— Что ты говоришь? Очнись! — она испуганно взглянула на меня. — Ты пьяный, да?
— Нет, совсем не пьяный… — я говорил медленно, пережевывая каждое слово. — Но, понимаешь, все это сон. Я сплю, и мне снится… Оборотень в обличье «человека-рекламы» — сон… И ты — сон… И сам я — тоже сон…
Кисако капризно надула губы.
— Как тебе не стыдно! Вовсе я не сон и не снюсь тебе! Я же не сплю…
— Что ты там сюсюкаешь — шу-шу-шу? — раздался голос Гоэмона. Он стоял на пороге. Невежа, войдя в дом, не снял ни шляпы, ни обуви. — Что это у тебя? — Он ткнул пальцем в Кисако. — Зверушку держишь? Для забавы? Ну, иди сюда, ишь ты, какое милое, ласковое животное!..
Брови Кисако стремительно взлетели вверх.
— Нет, нет, это… она… — Я захлебнулся словами. — Разрешите представить, моя… э-э-э… невеста Кисако.
— А-а, киска… Это которые мышей ловят, — он понимающе кивнул.
— Да вы что?! Не кошка, а женщина! Кисако ее имя. Мы собираемся пожениться.
— А-а-а, твоя самка, значит!
Я видел, как у Кисако дрогнули губы. У меня снова все завертелось в голове.
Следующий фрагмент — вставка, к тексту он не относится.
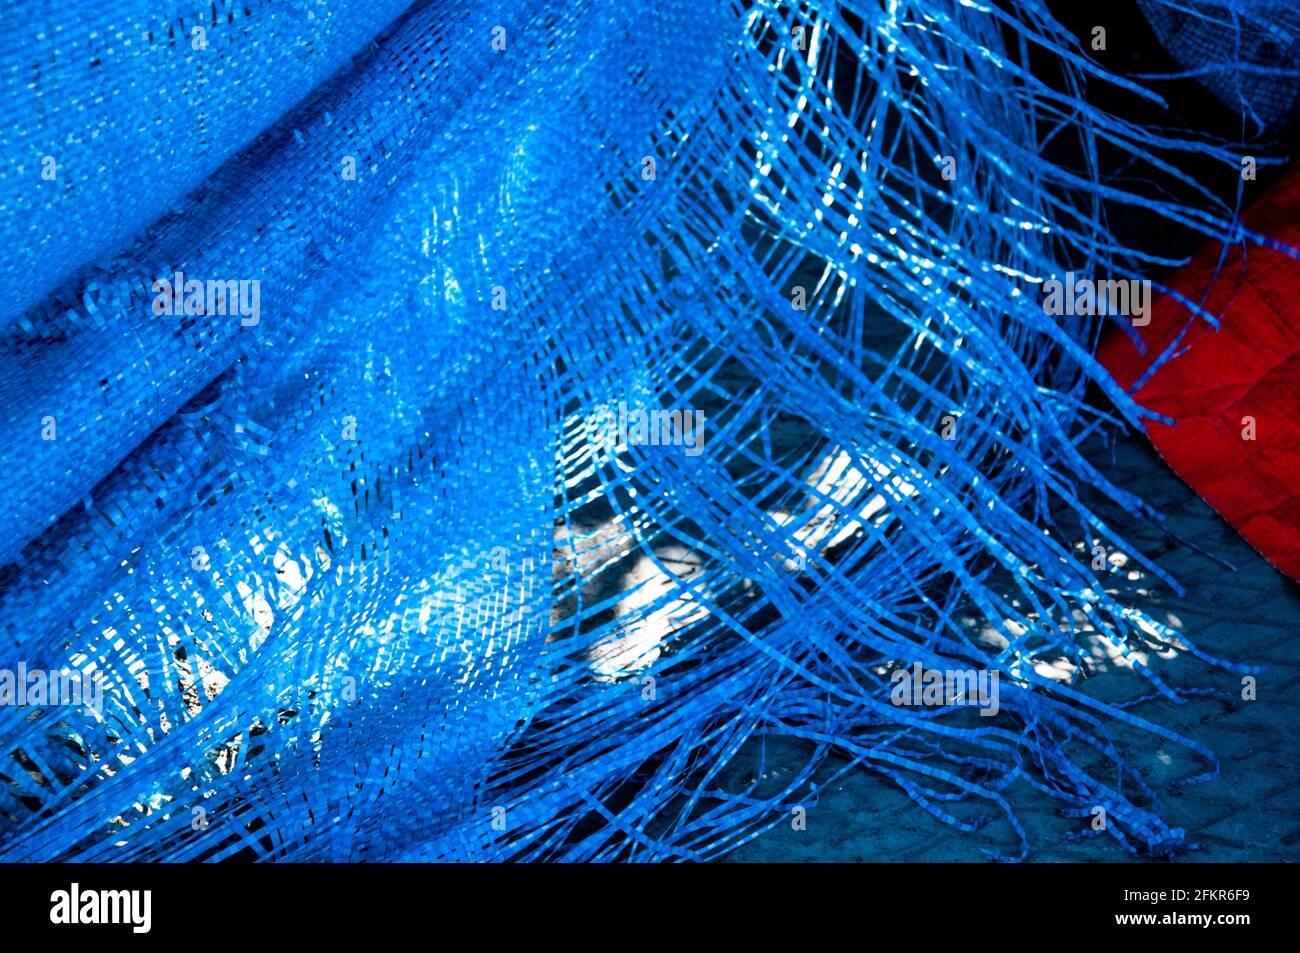 Bright blue color plastic industrial fabric with textured ragged edges. Torn wrap with long fringed fibers. Blue and red backdrop. Grunge texture. Ind Stock Photo

Хоть бы проснуться! Хоть бы поскорее проснуться! Хоть бы будильник зазвенел!..
— А зачем ты давеча с этой самкой кусался?
Перед глазами у меня поплыли огненные круги.
— Это… это… Ну, как вам объяснить… Это — поцелуй! Так мы выражаем любовь…
Гоэмон тут же извлек знакомый мне рулон туалетной бумаги и размашисто написал: «Самцы и самки в знак любви кусаются».
Кисако, сверкнув глазами, застонала и сжала кулаки.
«Ну хватит, — подумал я, — придется прибегнуть к крайней мере».
— Кисако, дорогая! — взмолился я, хватая ее за руки. — Прошу тебя, минуту терпения! Возьми что-нибудь тяжелое и дай мне хорошенько по голове!
— Да я ему сейчас всю башку расколю! — взревела Кисако. — Как он смеет…
— Пойми, бить его совершенно бессмысленно. Он же продукт моего сна! Ну, умоляю тебя, стукни меня хорошенько!..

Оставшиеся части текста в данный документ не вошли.